::: Material provided

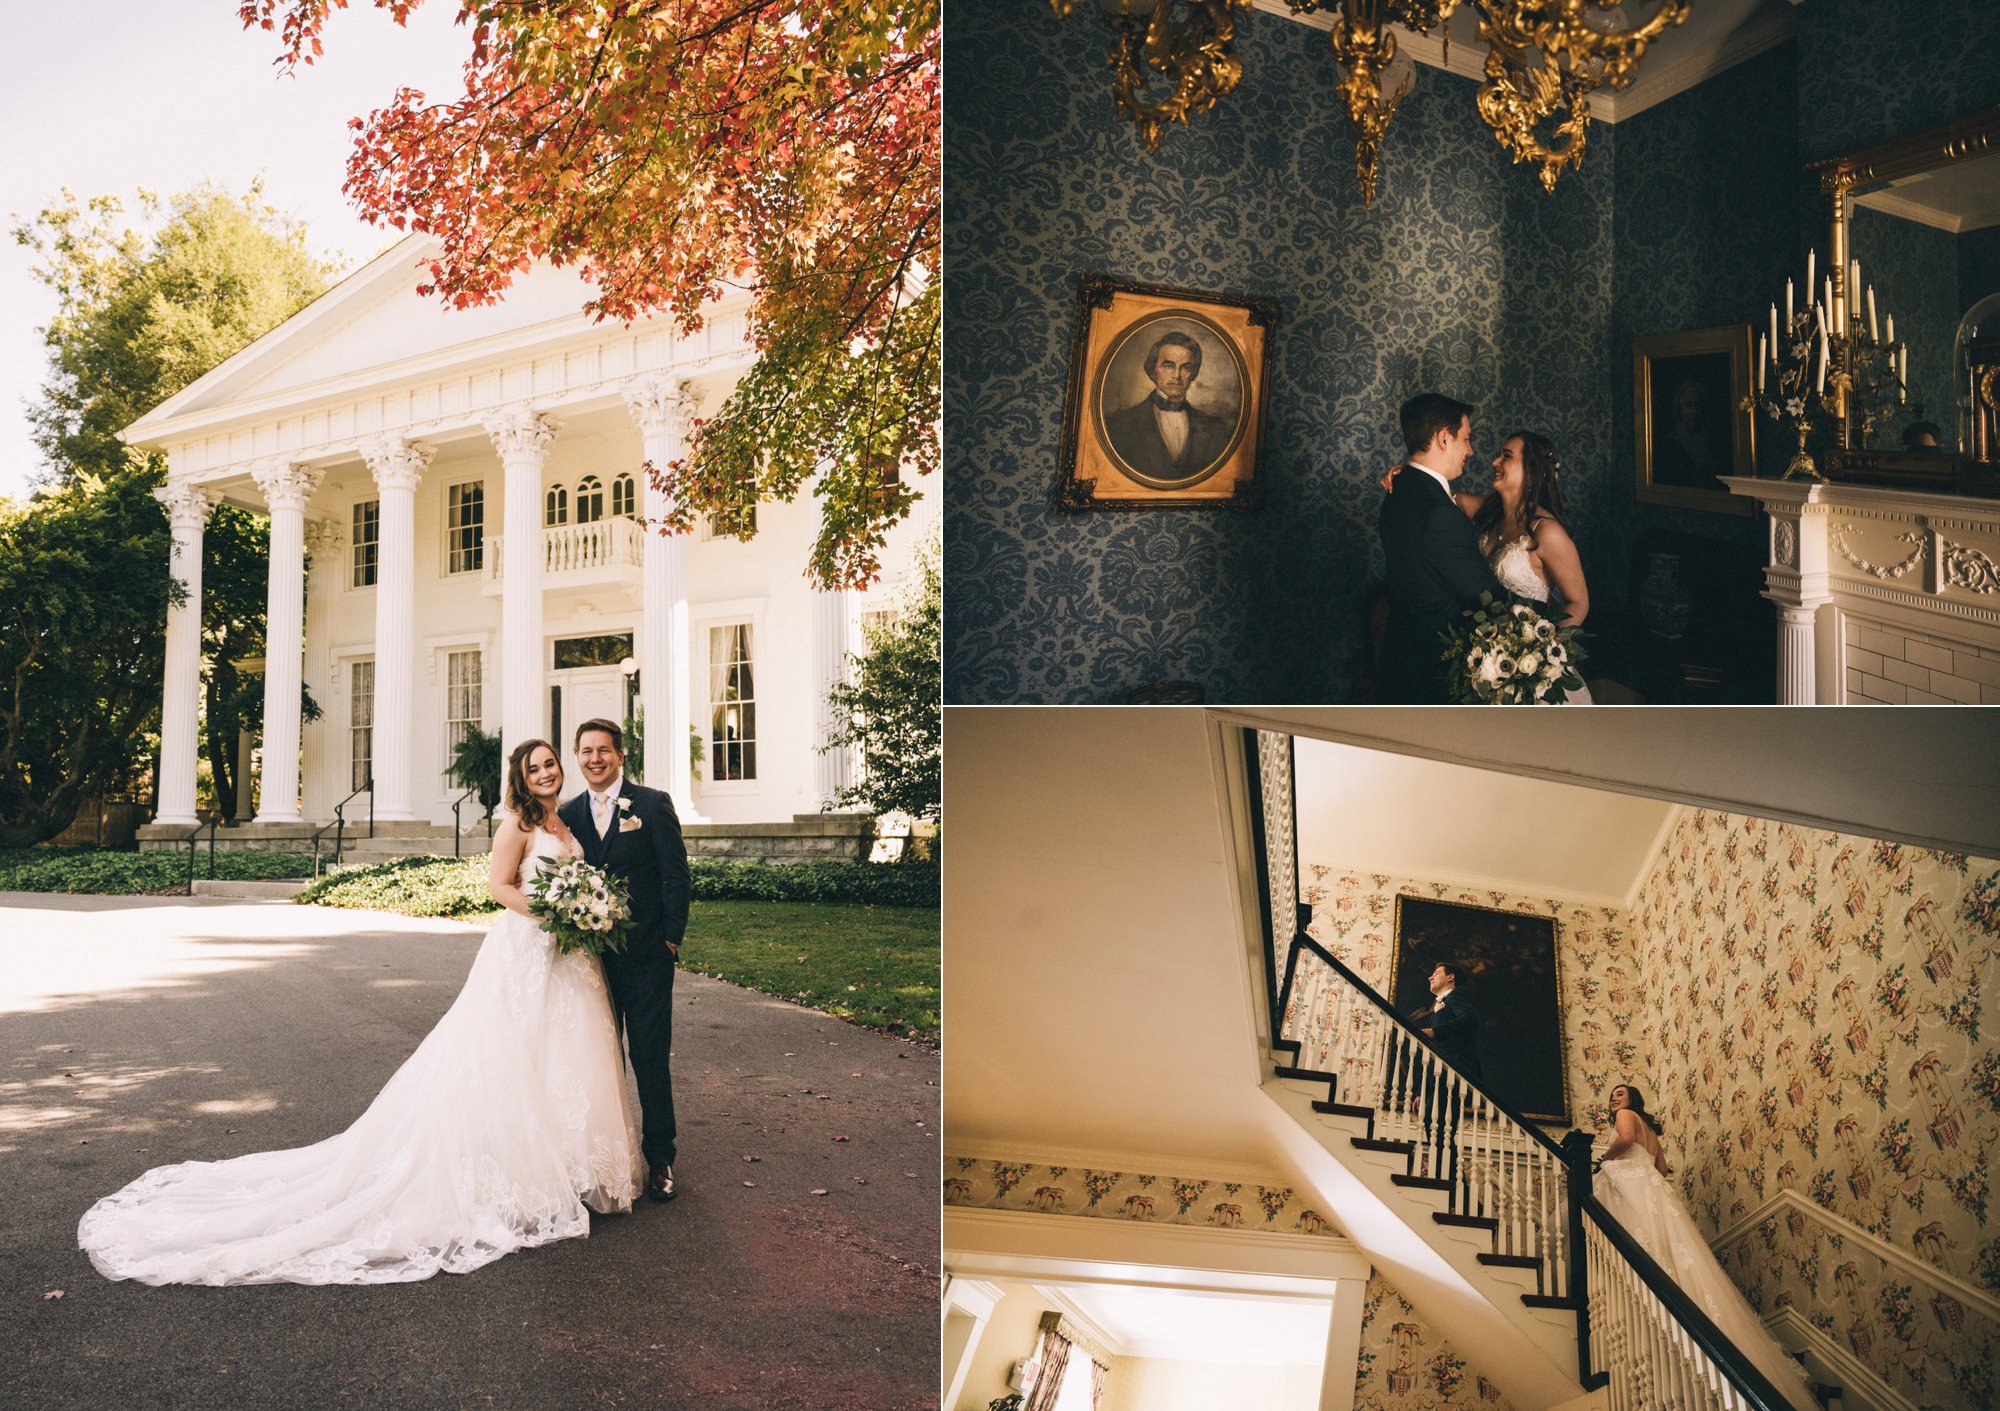 Whitehall-House-Gardens-Romantic-European-Historic-Louisville-Kentucky-Wedding-Venue
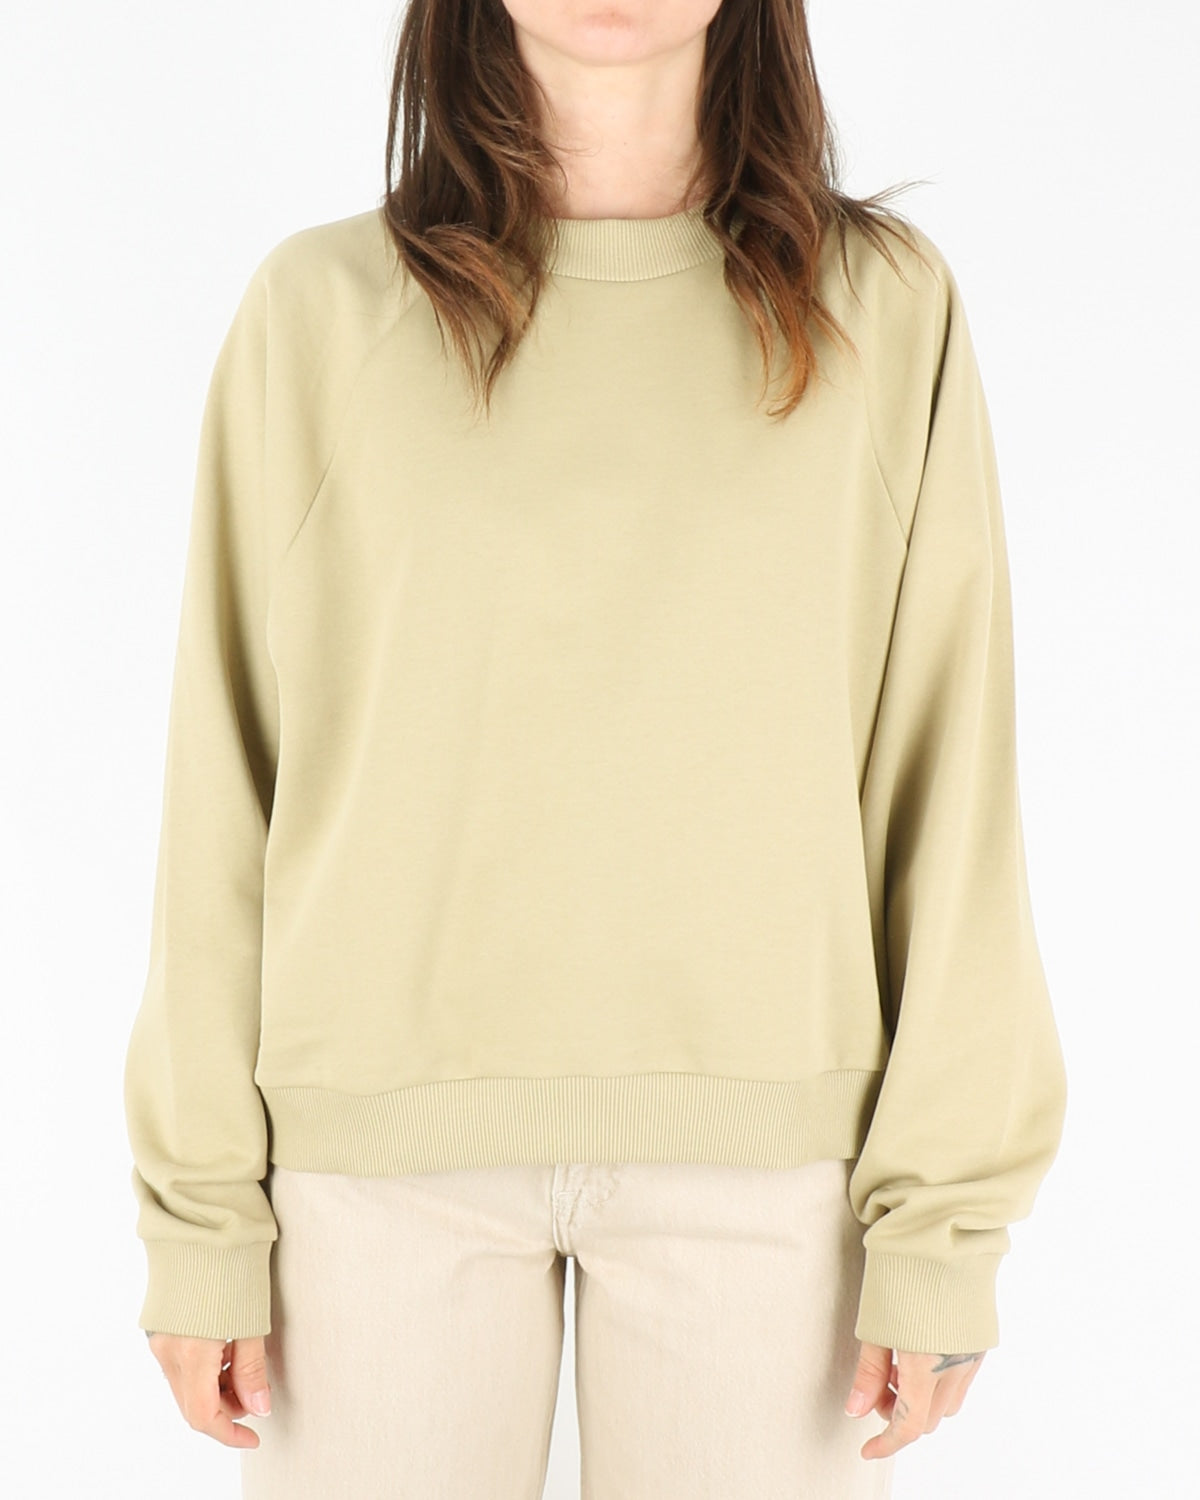 blanche_hella oversize sweatshirt_gray green_1_3
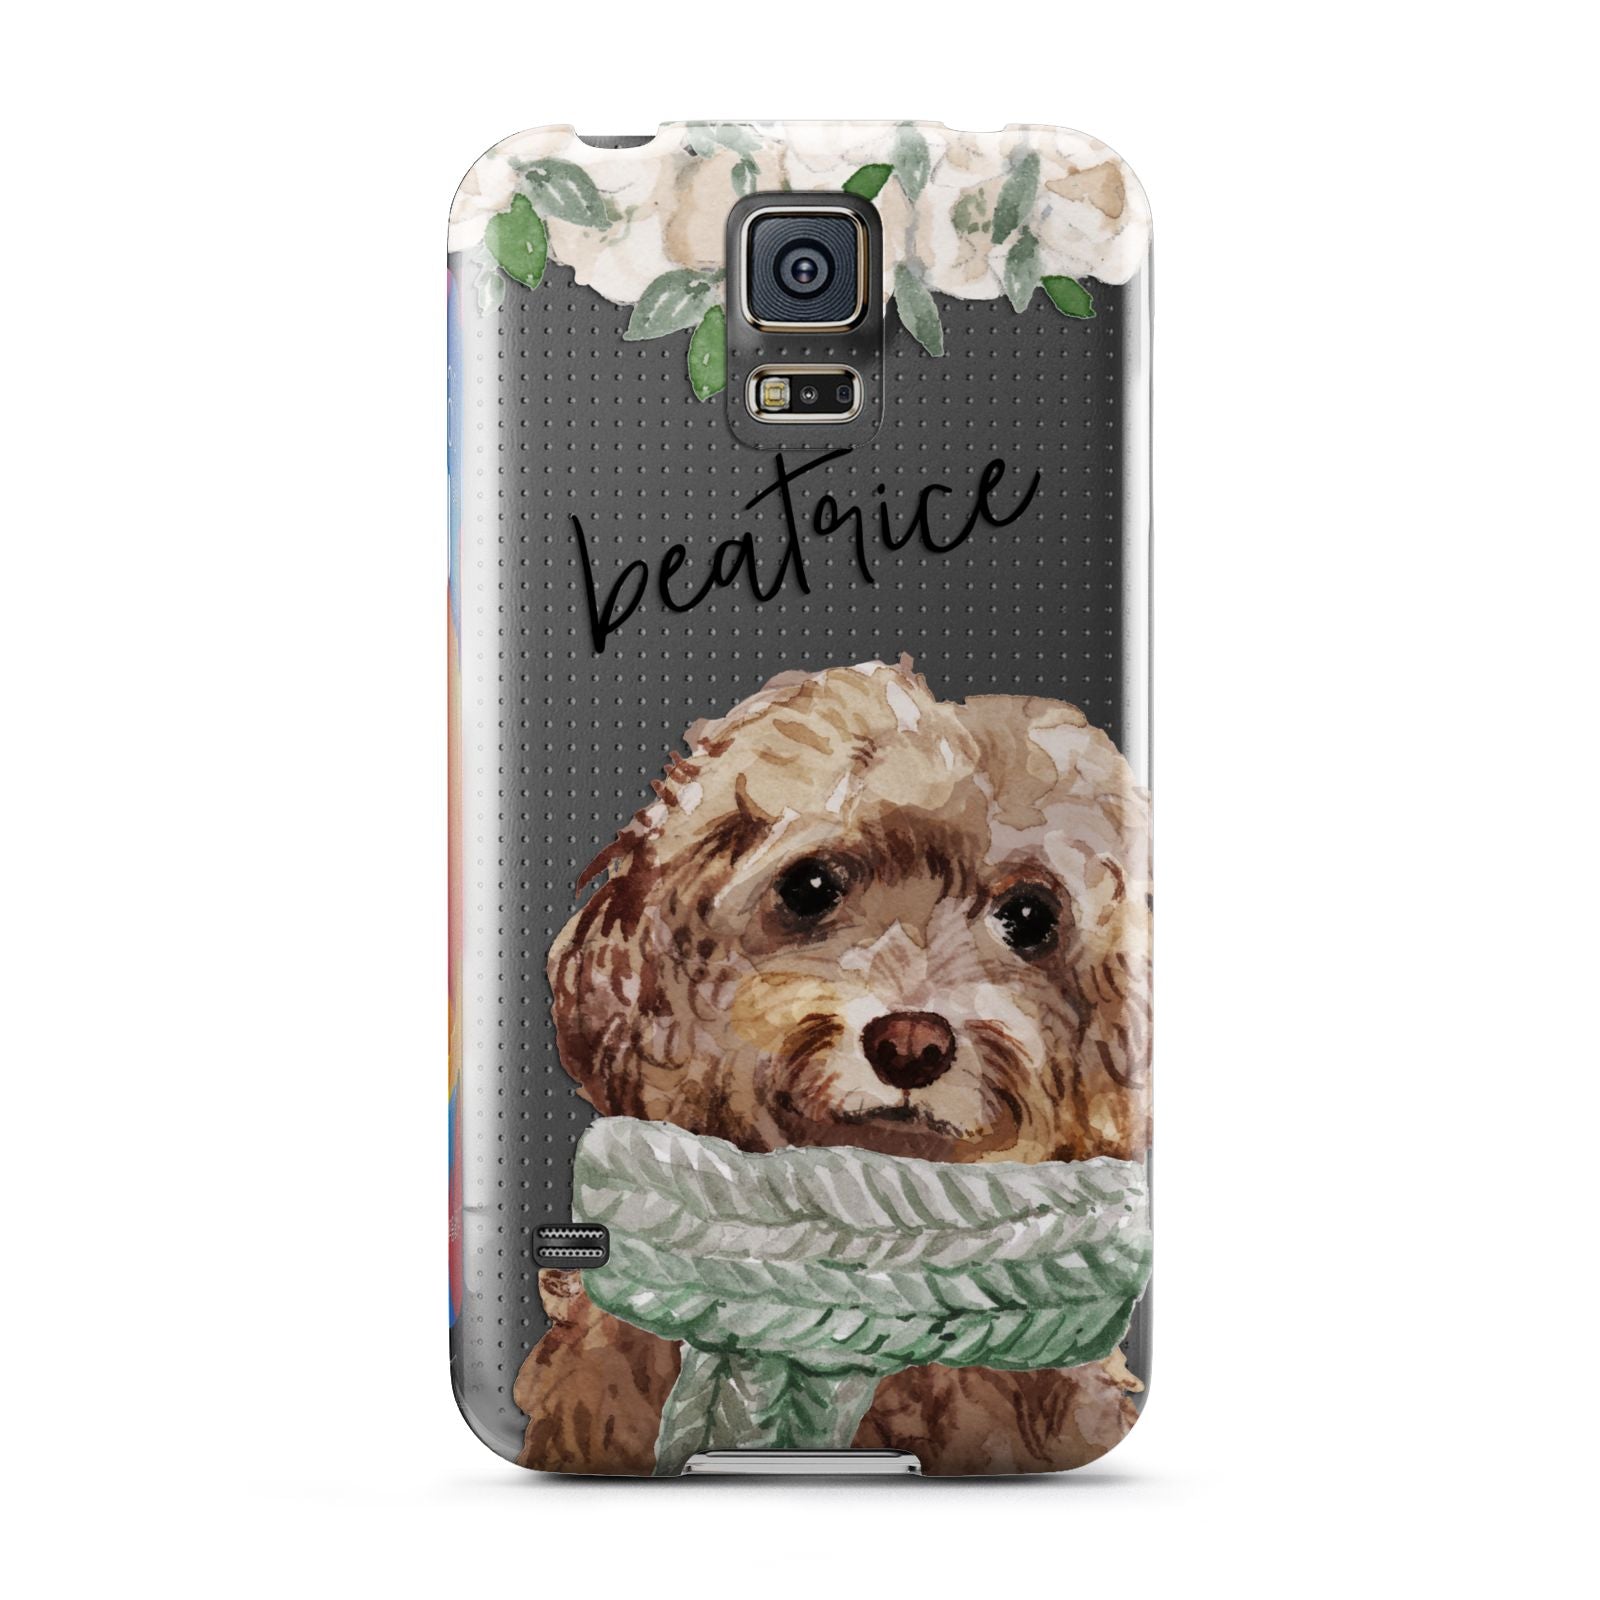 Personalised Cockapoo Dog Samsung Galaxy S5 Case

::::::

Activity: Please write out the entire listing above exactly, but leave the pictures out.

Exercise answer:
 Whitehall-House-Gardens-Romantic-European-Historic-Louisville-Kentucky-Wedding-Venue
 blanche_hella oversize sweatshirt_gray green_1_3
 Personalised Cockapoo Dog Samsung Galaxy S5 Case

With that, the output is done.